Does he feel bad about his weight, is he overweight or really obese?
Is he on the autistic spectrum or have another problem?

EllanVannin Fri 12-Jul-19 20:05:49

This is so sad and the last thing you should do is deprive him of his only source of pleasure. Don't refuse him to stay with you either as he obviously feels secure in his own way. No teenager should be turned away from a life where they feel more comfortable.
Strike up a conversation about hobbies or his favourite things he enjoys and try and get a picture of how his mind reacts.
Teenagers do get depressed and it's always best to try and find out what the real problem is.
If you have a garden try and get him motivated outside whether it be weeding or even planting so long as he's out in the air-----weather permitting.

If all else fails, suggest an appointment to the GP who will probably refer him to a counsellor. He must be helped.
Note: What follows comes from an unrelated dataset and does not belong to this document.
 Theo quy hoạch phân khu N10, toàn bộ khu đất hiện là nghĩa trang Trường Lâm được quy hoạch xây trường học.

Doodle Fri 12-Jul-19 19:41:02

I am not sure turning off the internet is the answer. If it’s current his only source of interest then cutting it off may not help. He could well be depressed or just so low that he’s too tired mentally to bother. Have you tried asking him how he feels about himself and if there is anything you can do to help him rather than discussing how worried you are about him (I don’t mean that in any bad way). It sounds as though he could do with talking to a counsellor of some kind. Perhaps some group sessions with some younger people. Try not to force him. He must feel safe with you and you obviously care. Another alternative (if you can afford it) is to speak to a counsellor privately and ask if they have any ideas what you could do.
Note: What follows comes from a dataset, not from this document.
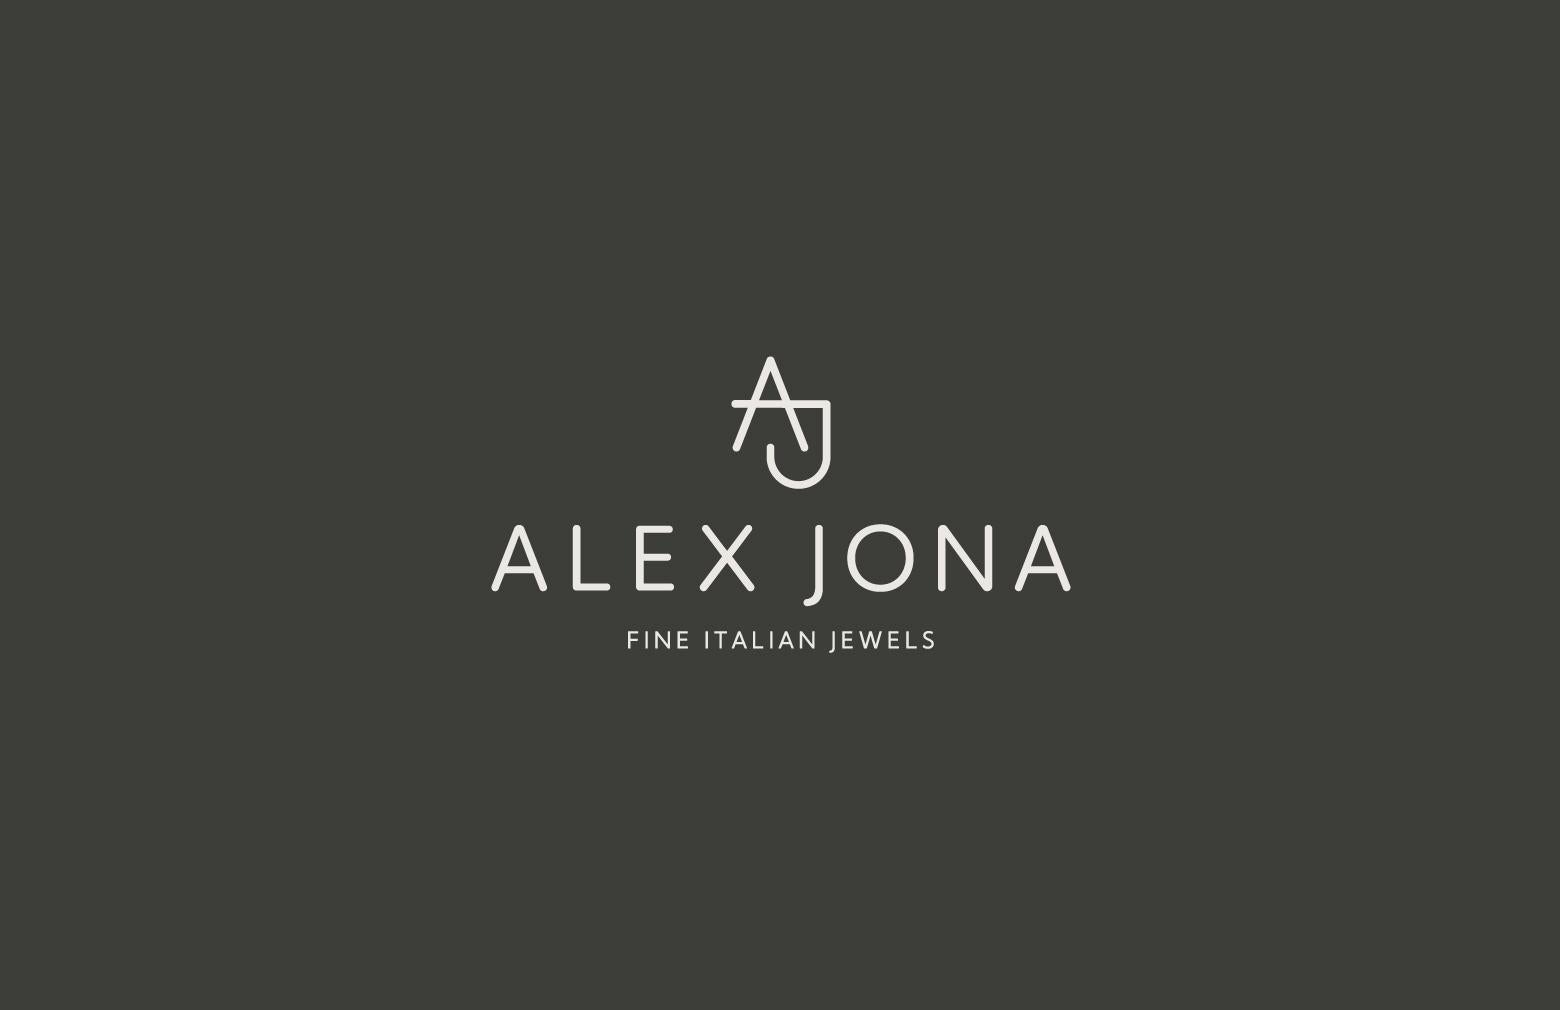 Alex Jona White Diamond Blue Enamel Sterling Silver Cufflinks For Sale 5

MissAdventure Fri 12-Jul-19 19:38:13

Is he smoking weed?
Apologies if not, but it sounds very much like the effects of heavy use.
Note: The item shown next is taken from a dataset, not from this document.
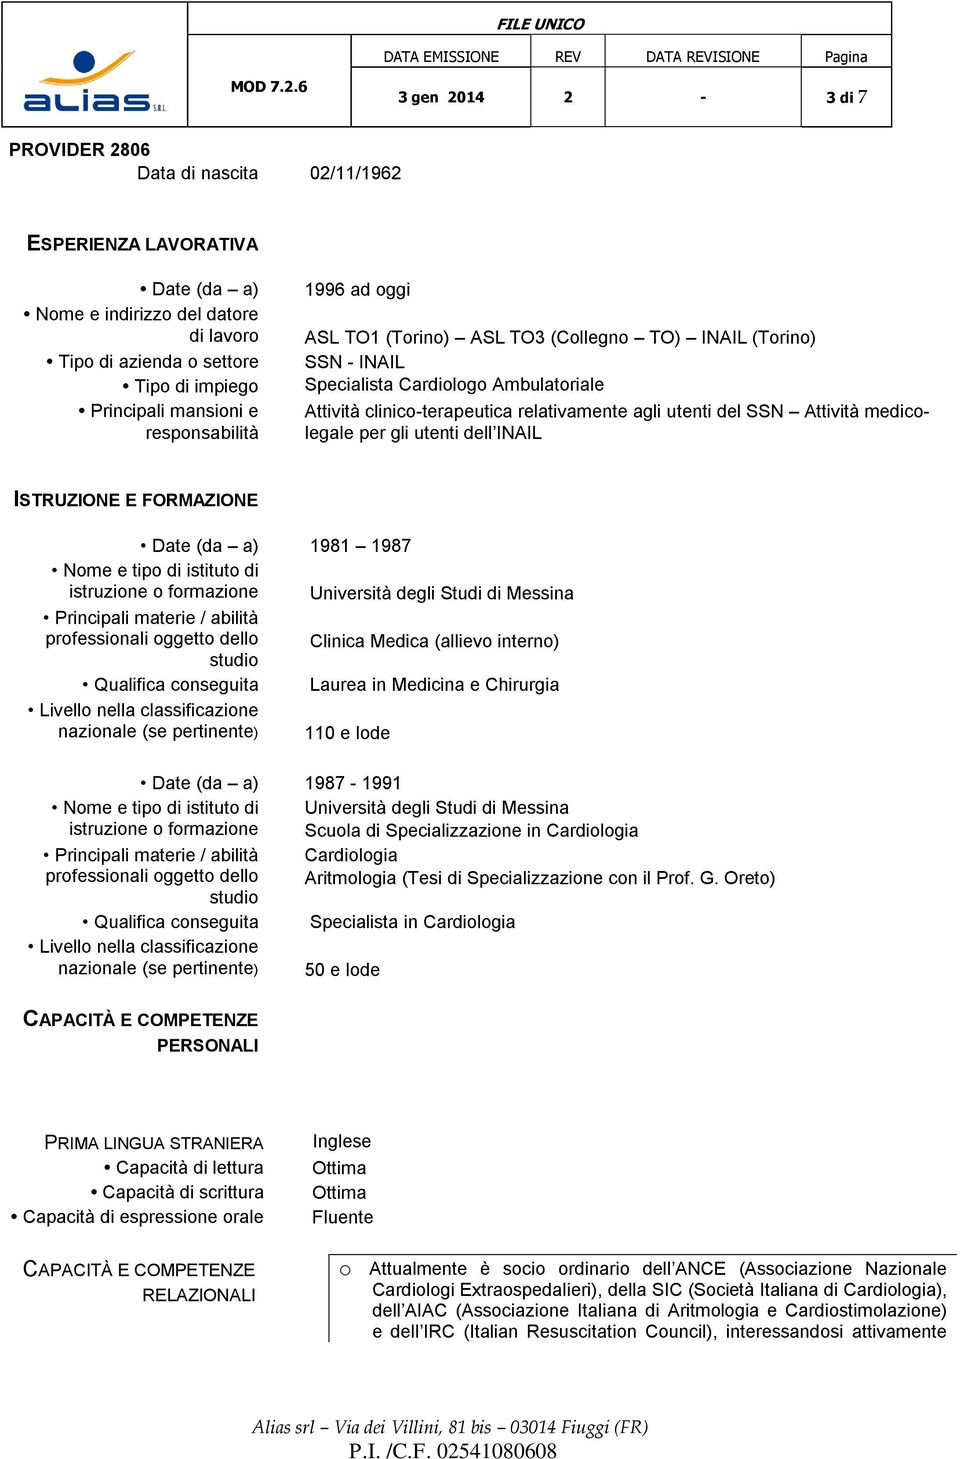 INAIL ISTRUZIONE E FORMAZIONE Date (da a) 1981 1987 Nme e tip di istitut di istruzine frmazine Università degli Studi di Messina Principali materie / abilità prfessinali ggett dell Clinica Medica

sodapop Fri 12-Jul-19 19:36:21

Yes it does sound like depression, I think you should encourage him to get help as soon as you can. Have you tried being a little more firm with him about getting out of the house even for a few minutes every day.

ElaineI Fri 12-Jul-19 19:27:17

Sounds like he might be depressed. Would he go to his GP or a counsellor?

suebailey50 Fri 12-Jul-19 19:24:32

My grandson has suffered lots of family problems in the past few years and I think has cut off from the real world. His parents do absolutely nothing with him - just happy to give him hand outs every now and again, and are just supporting him in this terrible lifestyle.. He has dropped out of various college courses, and just sits in his room all day playing games. Has no friends, doesn't want to work, . He comes to stay with us for long periods of time in the summer months, but this time I am very very worried about him. He has put so much weight on, doesn't talk or has no interest in anything or wants to do anything, he just sits there all day on his phone doing goodness knows what. Have tried switching off internet but then he just closes his eyes and goes to sleep. We've tried talking gently to him, and he does all the right nods and agrees with what we're saying but the next day he's even worse. The last thing we want is for him to stop coming here. Please any advice on how we should progress with helping him.